– Конечно, легче, потому что его падение было так же очевидно, как и замена.
– Очевидно для кого? Неужели вы думаете, что римляне смотрели на свое время так, как мы смотрим на него? Гиббон не мог отделаться от обаяния, которое производит древний Рим на каждую сильную душу. Вспомните, сколько веков продолжалась его агония; нам это время скрадывается по бедности событий, по бедности в лицах, по томному однообразию; а именно эти-то периоды – немые, серые – и страшны для современников; ведь годы в них имели те же триста шестьдесят пять дней, ведь и тогда были люди с душой горячей и блекли, терялись в бесцветных сумерках, под облаками пыли от разгрома падающих стен. Какие звуки скорби вырывались тогда из груди человеческой – читайте, они остались.
– А христиане?
– Они четыре столетия прятались по подземельям, успех казался невозможным, а жертвы были перед глазами.
– Но вера их оправдалась.
– И на другой день после торжества явилась ересь. Языческий мир ворвался в святую тишину их братства, и христианин со слезами обращался назад ко временам гонений и благословлял святые воспоминания, читая мартиролог.
– Вы, кажется, начинаете меня утешать тем, что всегда было так скверно, как теперь.
– Нет, я хотел только напомнить вам, что нашему веку не принадлежит монополия страданий и что вы дешево цените прошедшие скорби. Мысль была и прежде нетерпелива; ей хочется сейчас, ей ненавистно ждать, а жизнь не довольствуется отвлеченностями, не торопится, медлит с каждым шагом, потому что ее шаги трудно поправляются. Отсюда трагическое положение мыслящих. Но чтобы опять не отклониться, позвольте мне теперь вас спросить: отчего вам кажется, что мир, нас окружающий, так прочен и здоров?..

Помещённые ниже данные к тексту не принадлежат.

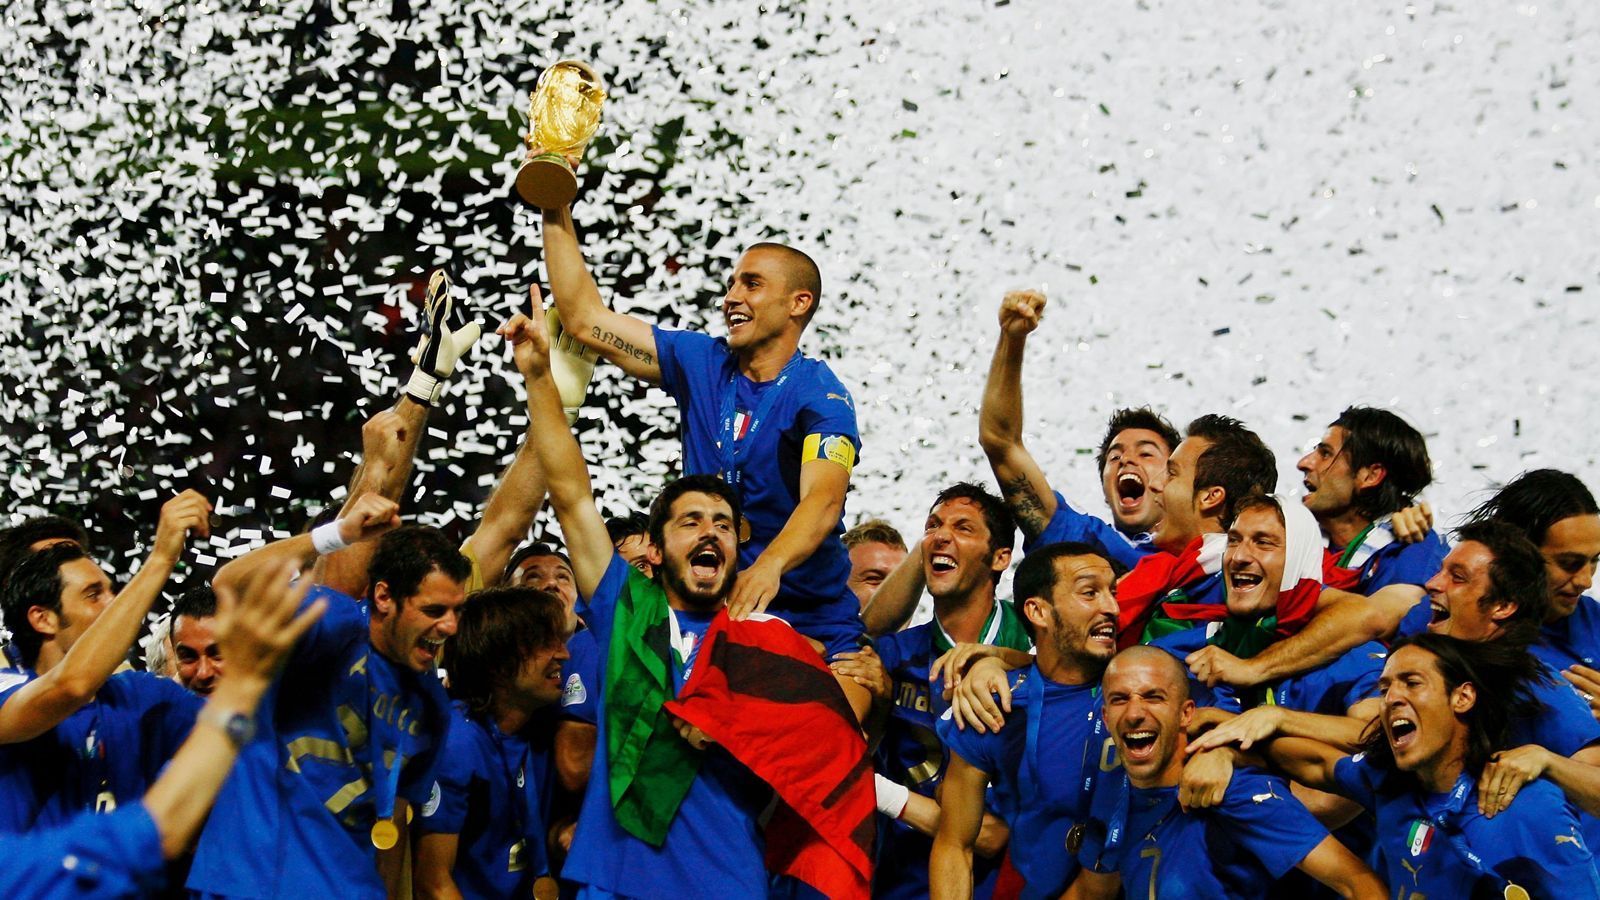 
                <strong>WM 2006 - Italien </strong><br>
                Kapitän Fabio Cannavaro reckt den WM-Pokal in die Höhe, während seine Teamkameraden frenetisch feiern. Beim Turnier in Deutschland gewinnt Italien im Elfmeterschießen gegen Frankreich zum vierten Mal die Weltmeisterschaft. Aufreger des Endspiels blieb der Kopfstoß und die folgende Rote Karte des zuvor überragenden französischen Spielmachers Zinedine Zidane.  

Давно уж тяжелые и крупные капли дождя падали на нас и глухие раскаты грома становились сильнее, а молния ярче. Тут дождь полился как из ведра. Все бросились в каюту – пароход скрипел, качка была невыносимая – разговор не продолжался.
После грозы*
Женщины плачут, чтоб облегчить душу, – мы не умеем плакать, я хочу для этого писать. Не описывать, не объяснять страшные события, а просто говорить об них, дать волю речи, слезам, мысли, желчи. Где тут описывать, собирать сведения, спокойно рассуждать? В ушах еще раздаются выстрелы – топот несущейся кавалерии, густой звук лафетных колес по мертвым улицам – мелькают отдельные подробности: раненый на носилках, фуры трупов, – пленные с связанными руками, – лагерь у Porte St. Denis, бивуаки на Place de la Concorde… и мрачное, ночное «Sentinelle, prenez garde à vous». – Нет еще, мозг слишком воспален, кровь слишком остра. Время негодования громкого, открытого – настало, время истории еще не пришло.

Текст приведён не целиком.